The problem: Find the line below with "Gray pants with monil chain" and the line with "Enjoy the Minimalism of Windows 10". Output them and the lines between, exactly, but not the pictures.

Records to process:
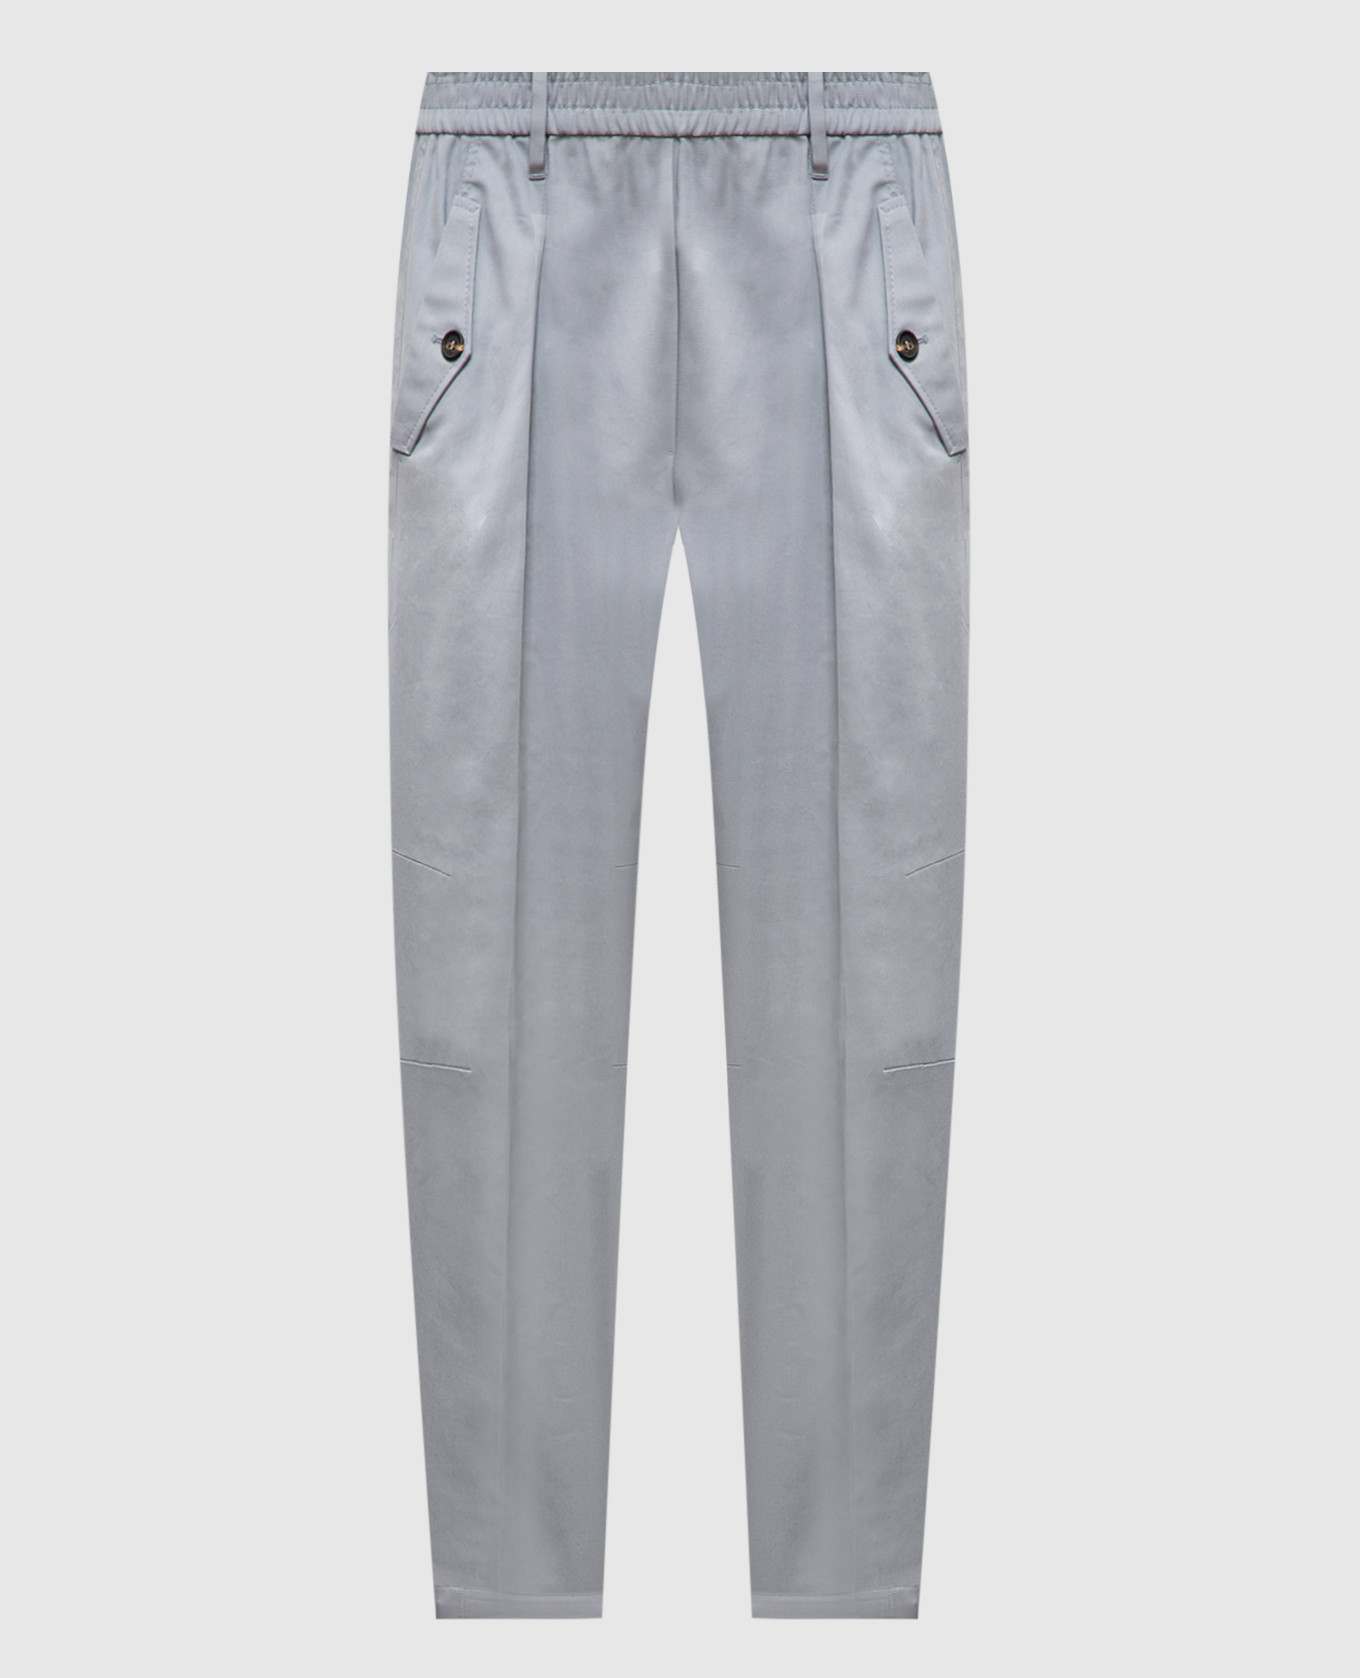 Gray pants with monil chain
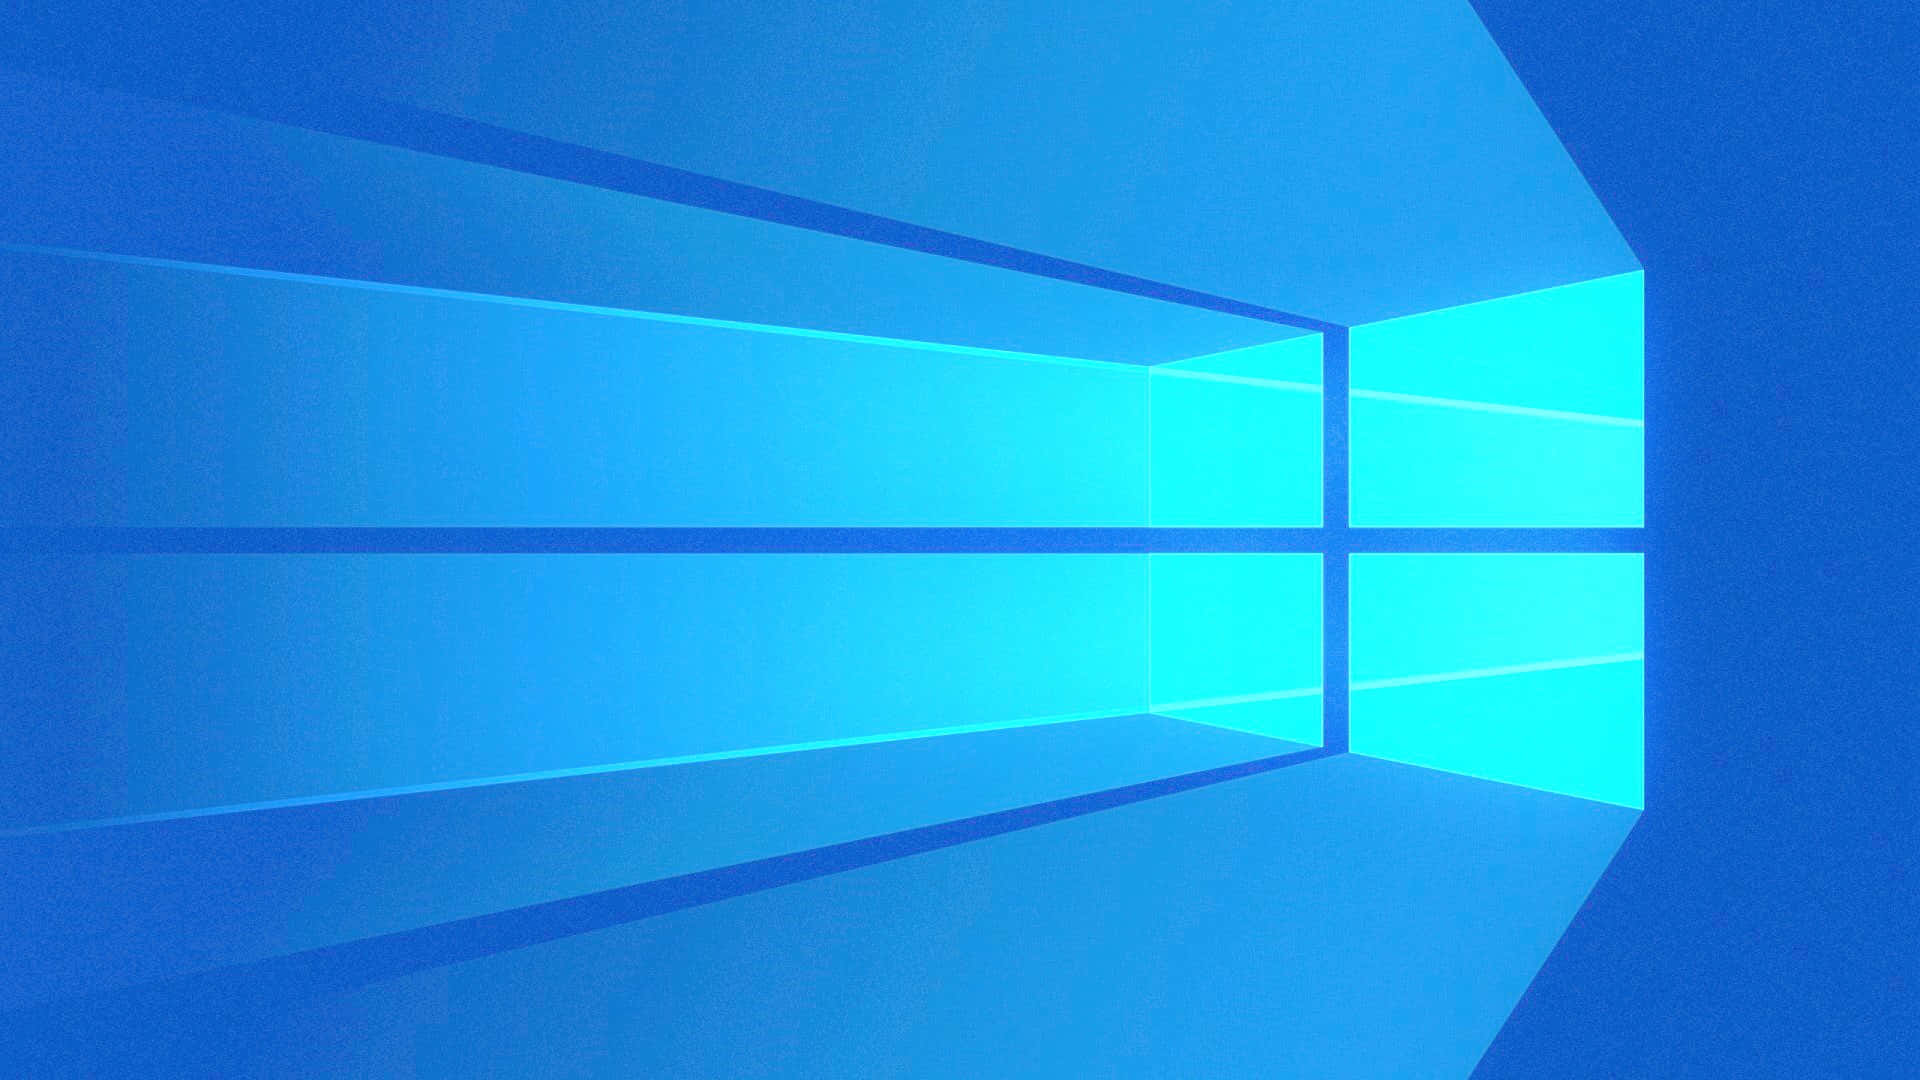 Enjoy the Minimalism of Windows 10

* * *

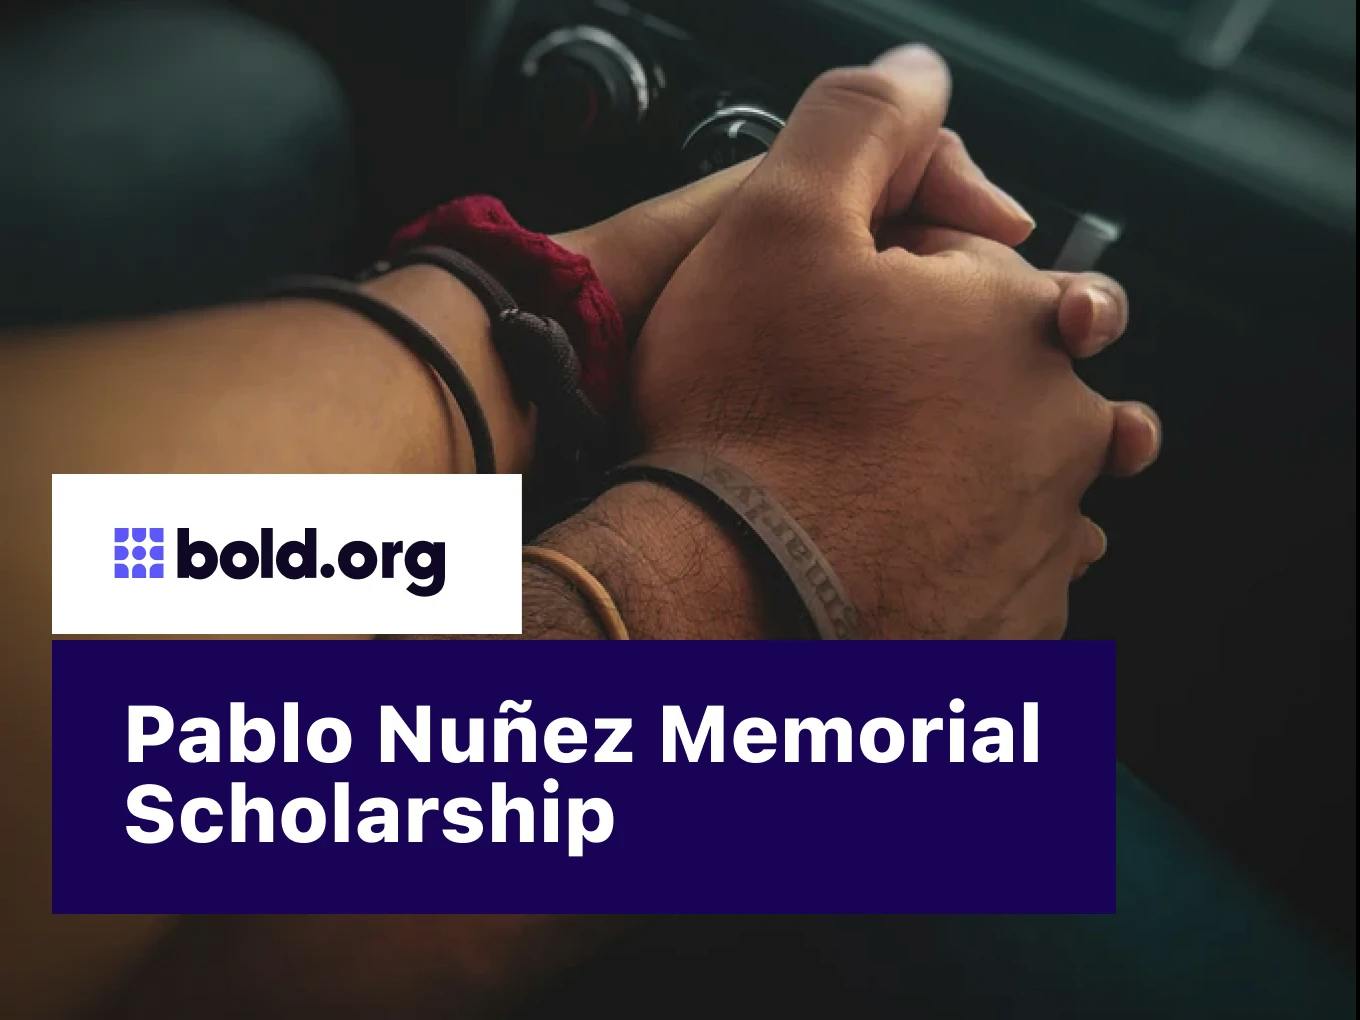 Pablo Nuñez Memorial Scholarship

...

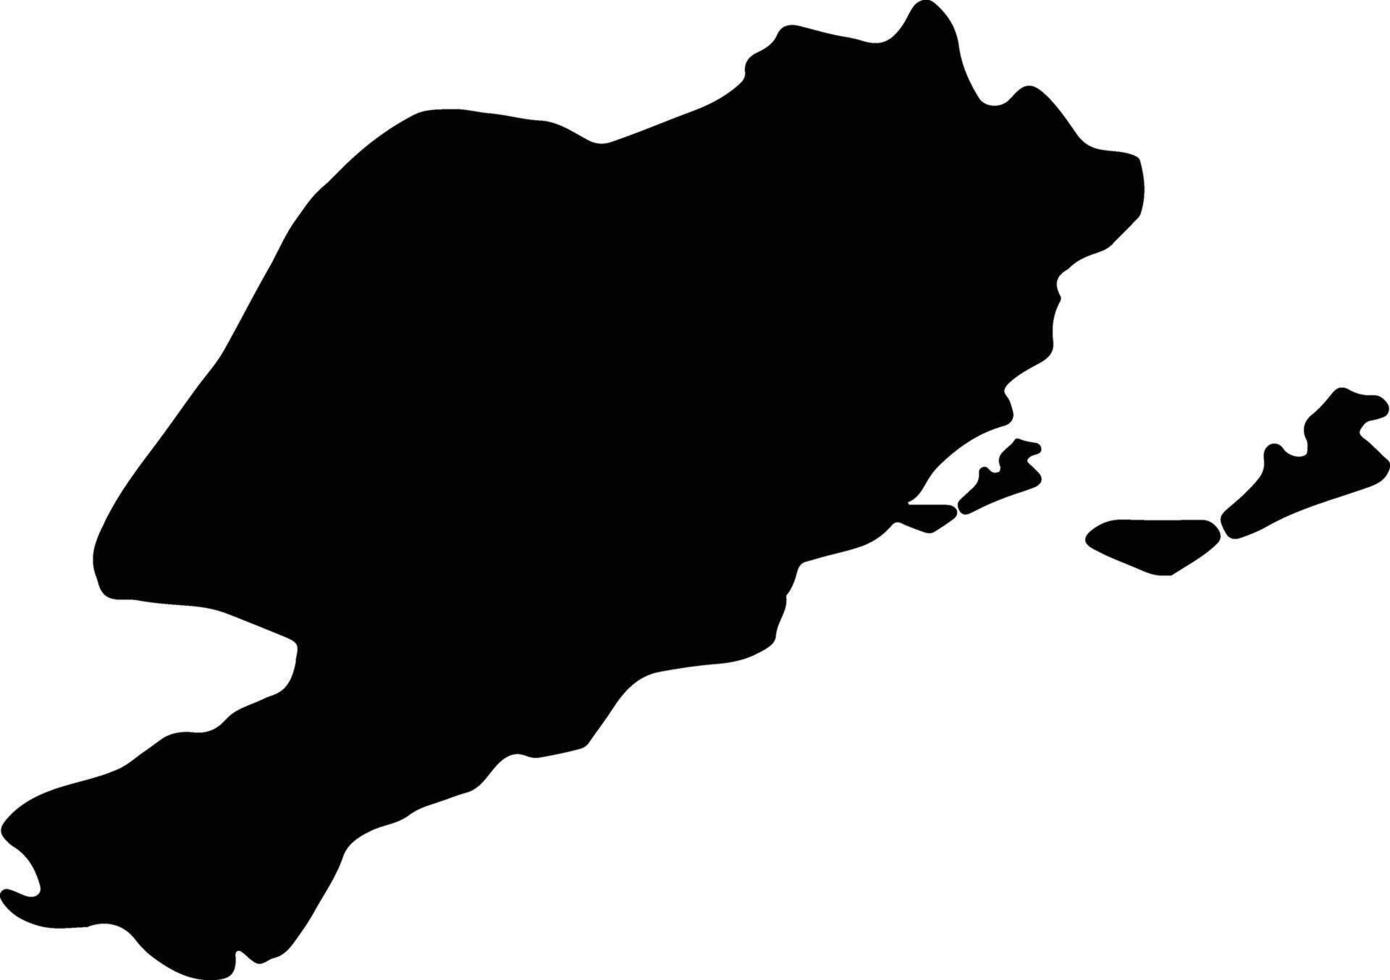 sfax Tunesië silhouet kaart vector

Written response:
 Gray pants with monil chain
 Enjoy the Minimalism of Windows 10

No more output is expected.